Also called by the main program of the backup μP 22 is the "Bypass" FSM. The Bypass FSM tracks the state of the bypass mode of the backup μP, and is depicted in the state diagram of FIG. 12B. When no bypass key has been detected, the FSM remains in "Wait for key" state 1225 (i.e. following path "a"). When a bypass key "presence pulse" (a 500 μs pulse clearly distinguishable from data pulses, which signals that a key is connected) is detected, the FSM advances to state 1225 to "wait for quiet" state 1227 along path "b". The state machine follows path "i" for a short delay period (at least 100 ms in the preferred embodiment) to allow the dissipation of noise on the bypass detection input. It then proceeds to "bypass read" state 1229 along path "c".
The FSM remains in the state 1229 for a finite time period while an identification of the bypass key inputs is attempted. The backup μP makes up to ten attempts to read the bypass key inputs. If the inputs cannot be identified, or if the bypass key type (family) code in incorrect, the FSM returns to state 1225 along path "e". If the correct coded input from the bypass key is identified, the state machine proceeds to "OK to bypass" state 1231 along path "f".
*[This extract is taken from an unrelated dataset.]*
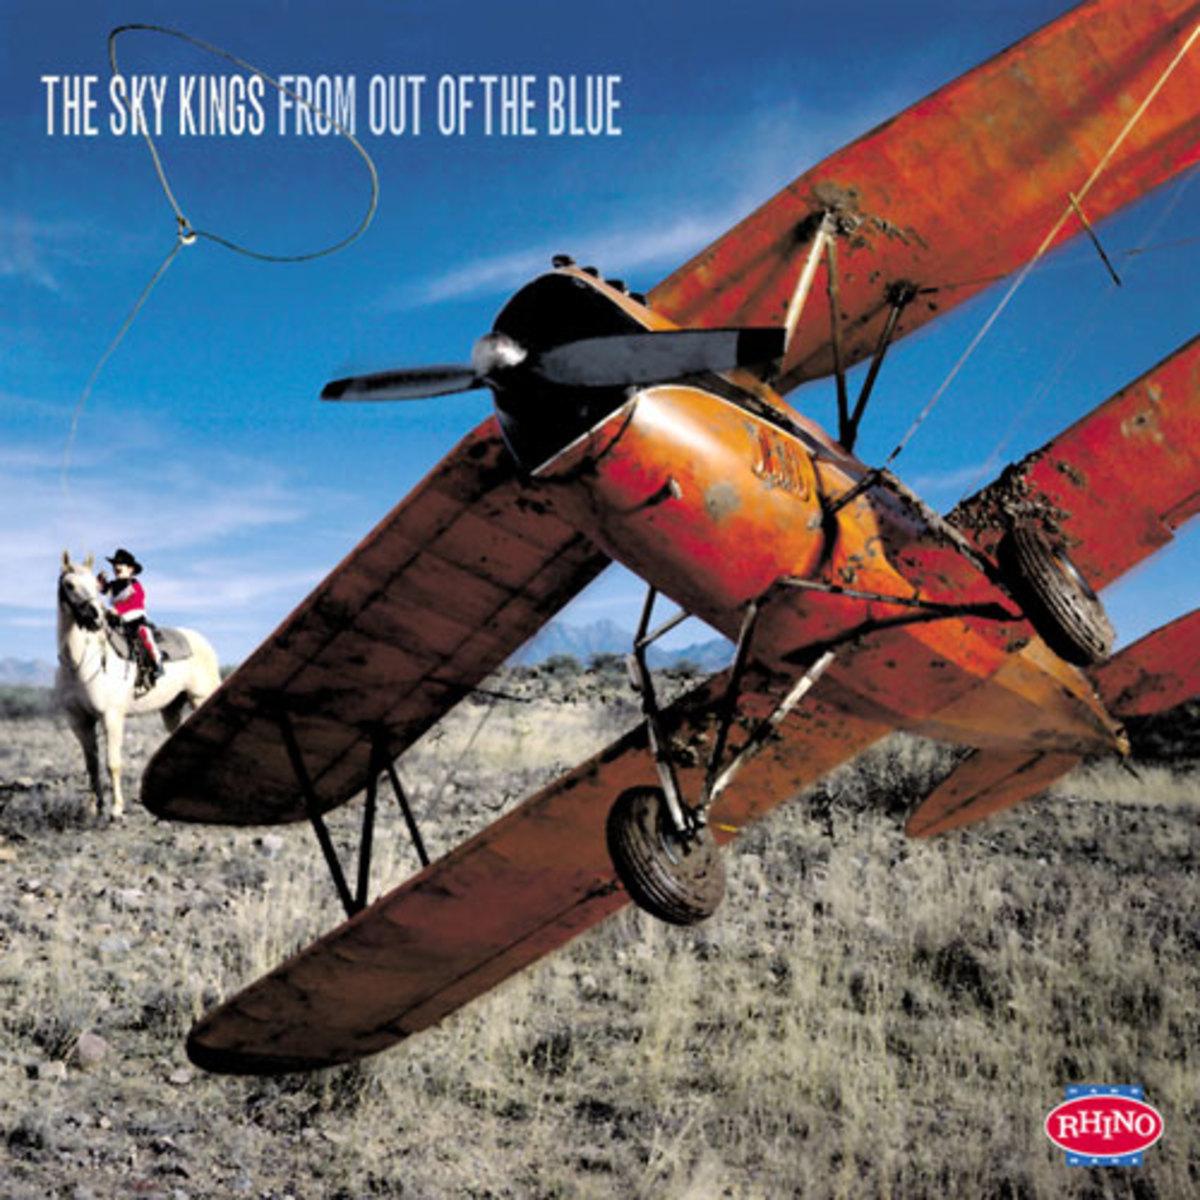 Sky Kings album

In state 1231 a "bypass" variable is set which indicates that the backup μP 22 is in a bypass state, the variable being available for reading by the Probetype FSM. The Bypass state machine remains in state 1231 (i.e. follows path "g") until the backup μP has detected the closure of the relay switch 46, which it controls. If this closure is not detected within a finite time period, the state machine returns to state 1225 along path "h". If the closure is detected, the bypass condition is confirmed, and the FSM proceeds to "Bypass" state 1233.
The Bypass FSM remains in state 1233 (i.e. follows path "n") for a finite period of time which, in the preferred embodiment, is a minimum of ten seconds. If relay switch 46 opens for some reason during that time, the FSM follows path "o" back to state 1225. If the time expires with the relay still closed, the state machine proceeds (along path "p") to "check hot-wire wait state" 1235. The FSM remains in state 1235 (i.e. follows path "q") for a short delay period which, in the preferred embodiment, is two seconds. This allows a user of the bypass key time to remove the key and discontinue communication between the key and the rack controller. After the delay, the state machine proceeds (along path "r") to "check hot-wire state" 1237.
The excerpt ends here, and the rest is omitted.